- Prompt -
All pictures are to be dropped, and the remaining data set down exactly.

- Provided material -

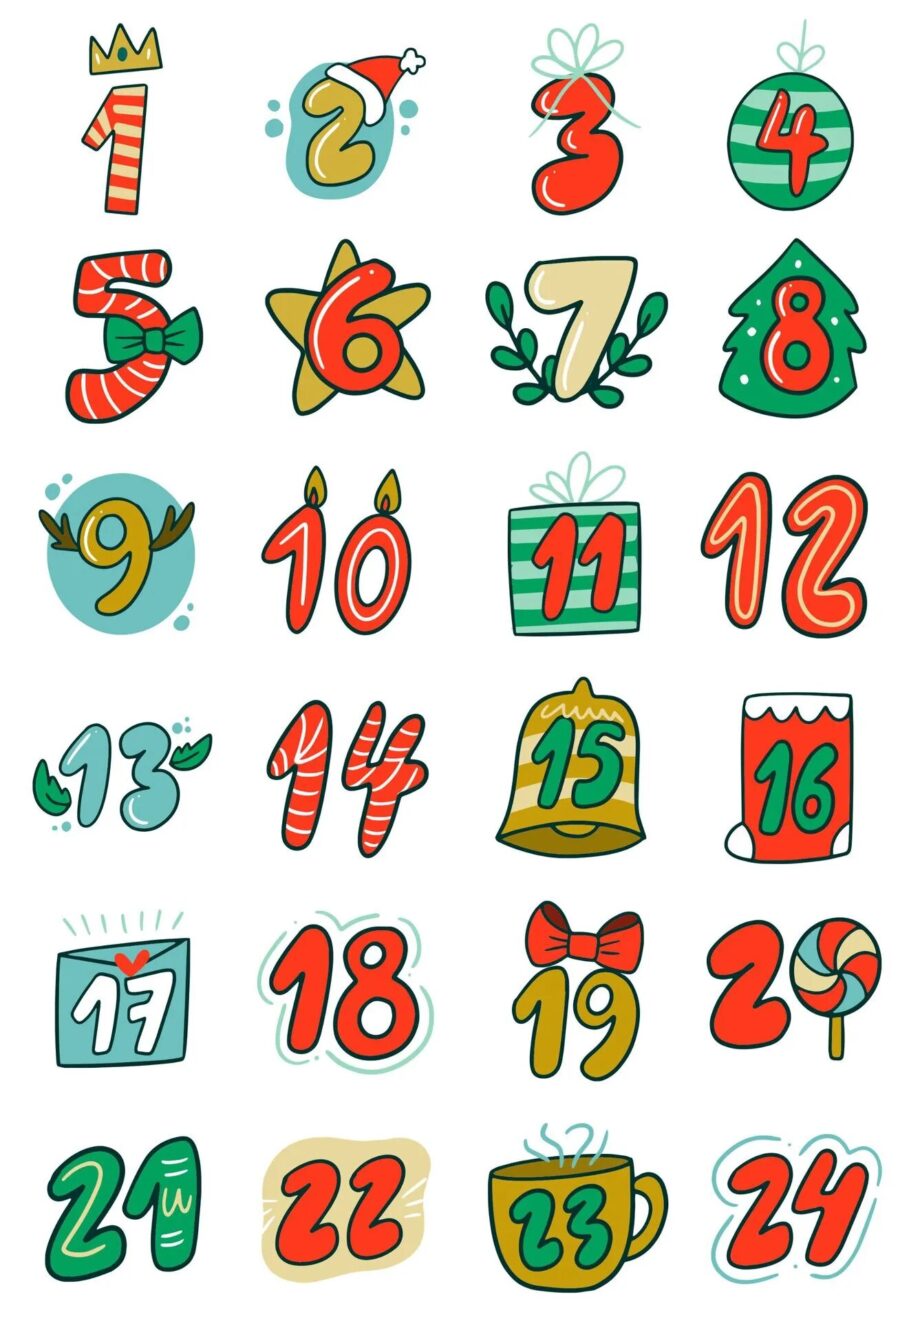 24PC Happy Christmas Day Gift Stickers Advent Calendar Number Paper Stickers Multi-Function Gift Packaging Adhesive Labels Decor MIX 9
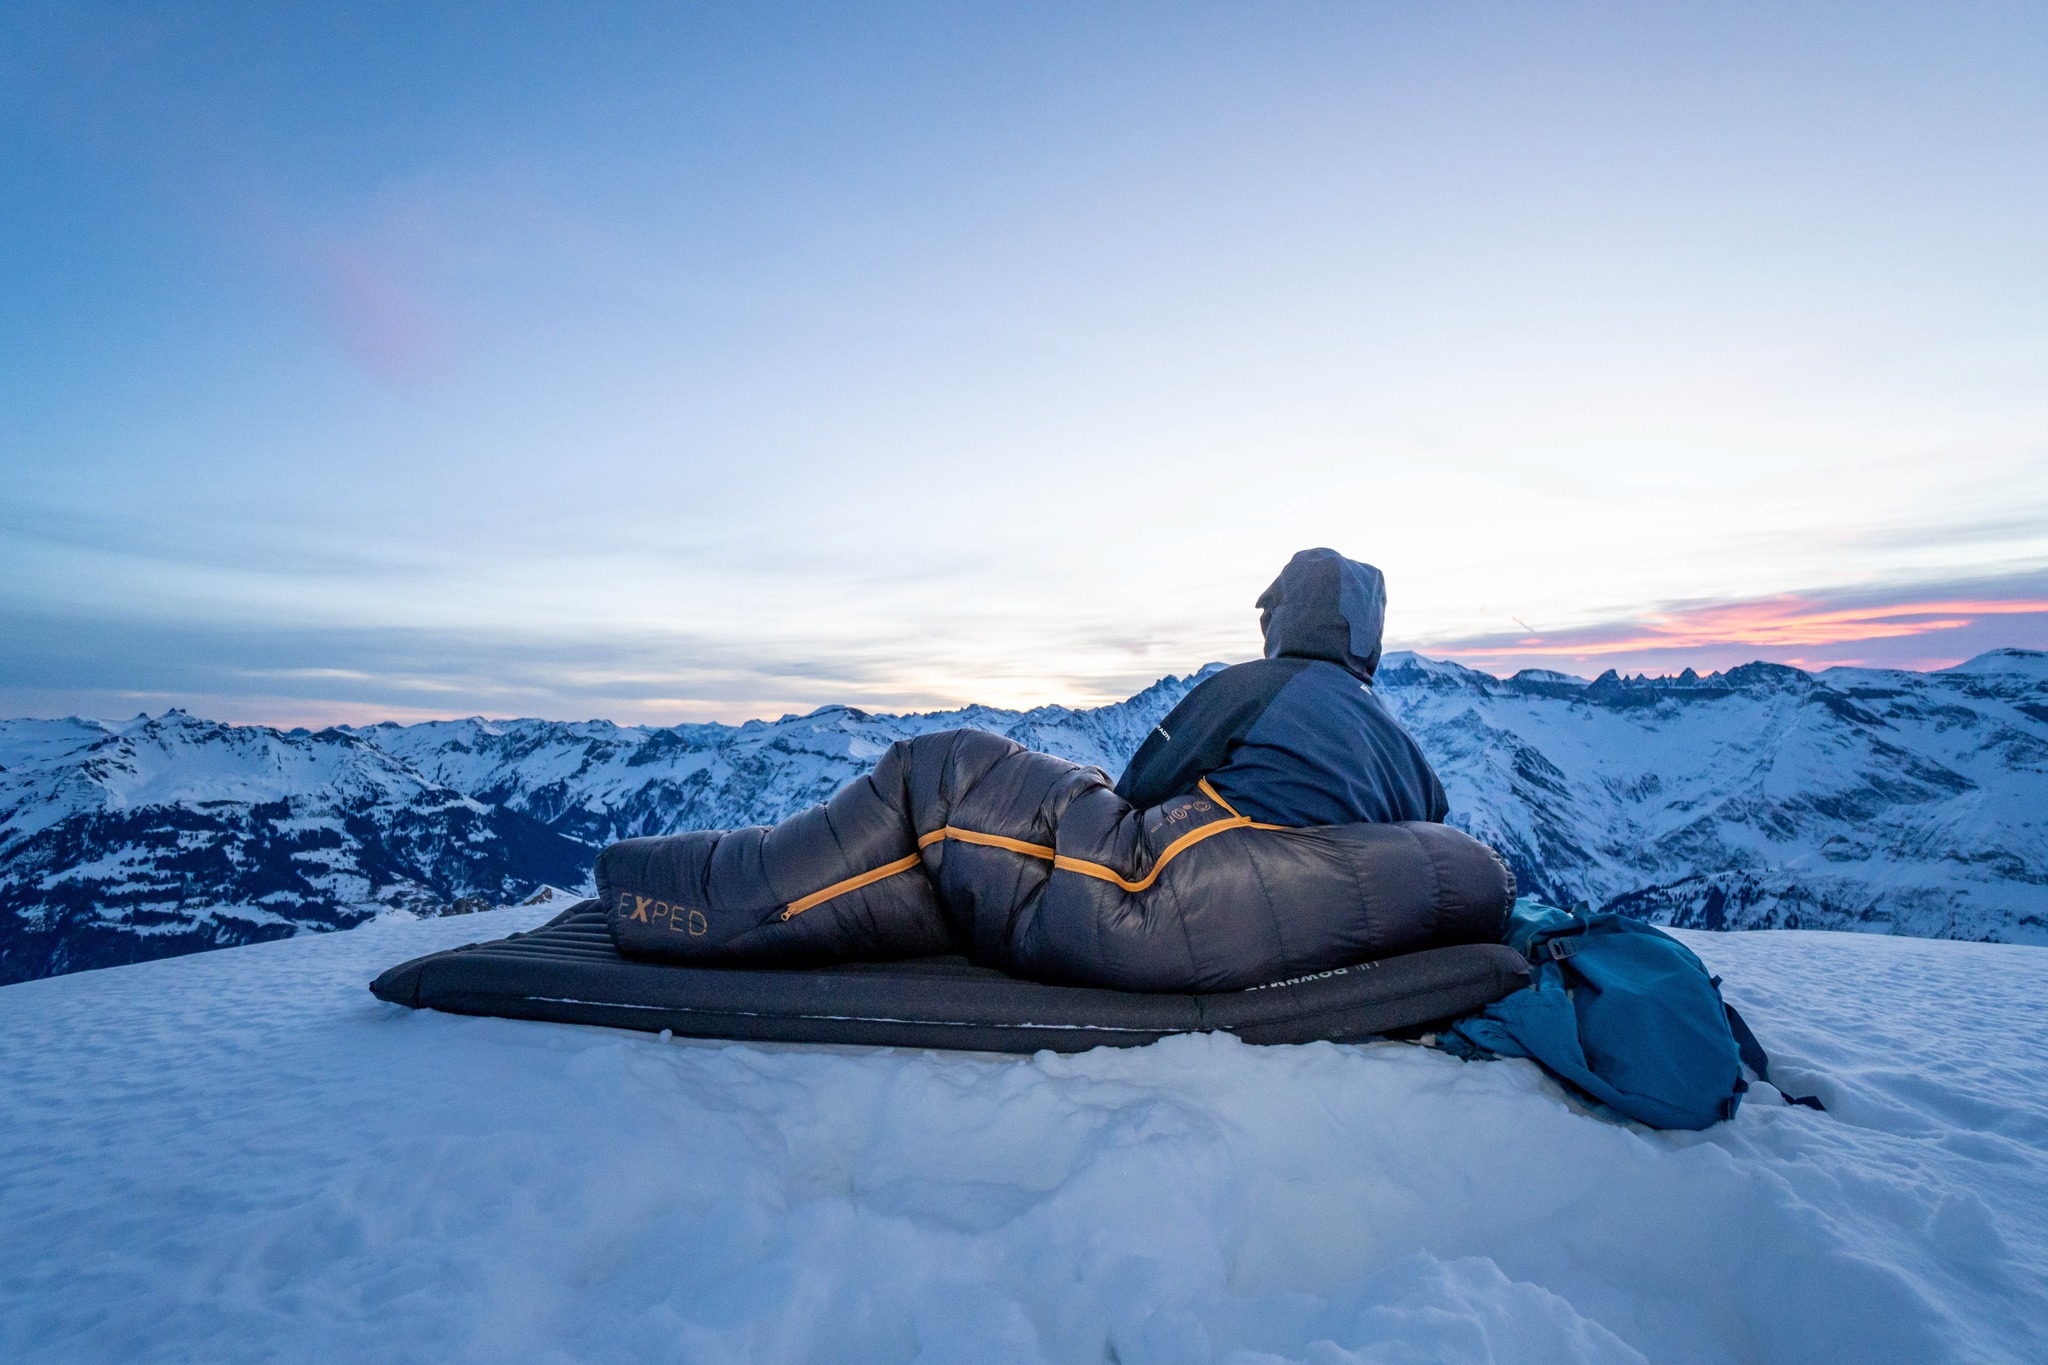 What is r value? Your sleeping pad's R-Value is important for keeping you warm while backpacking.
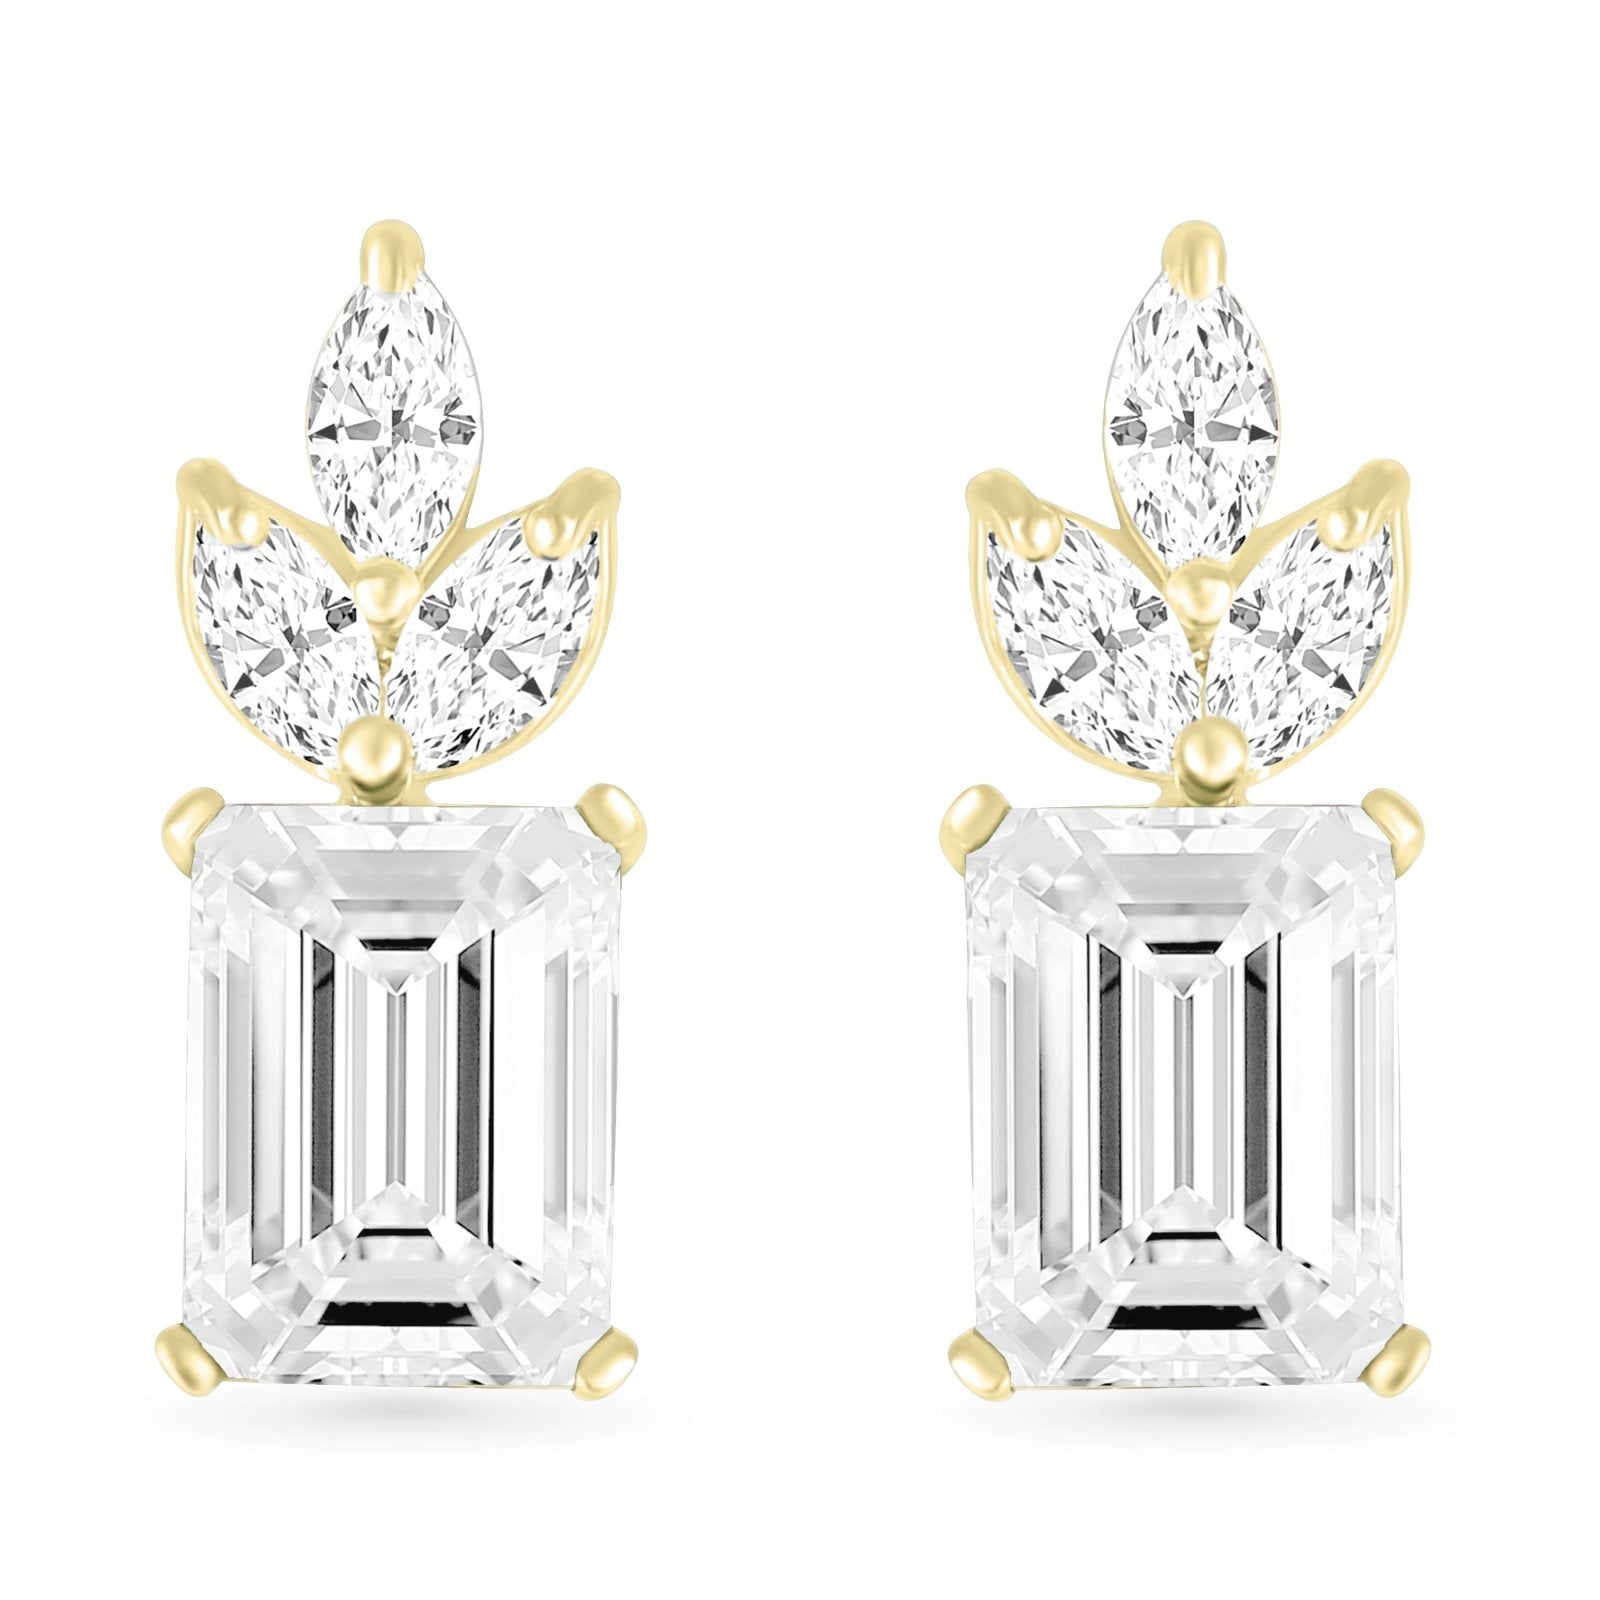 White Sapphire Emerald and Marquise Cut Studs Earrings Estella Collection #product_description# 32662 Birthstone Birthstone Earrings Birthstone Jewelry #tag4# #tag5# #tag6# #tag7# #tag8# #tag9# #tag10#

- Answer for this exercise -
 24PC Happy Christmas Day Gift Stickers Advent Calendar Number Paper Stickers Multi-Function Gift Packaging Adhesive Labels Decor MIX 9
 What is r value? Your sleeping pad's R-Value is important for keeping you warm while backpacking.
 White Sapphire Emerald and Marquise Cut Studs Earrings Estella Collection #product_description# 32662 Birthstone Birthstone Earrings Birthstone Jewelry #tag4# #tag5# #tag6# #tag7# #tag8# #tag9# #tag10#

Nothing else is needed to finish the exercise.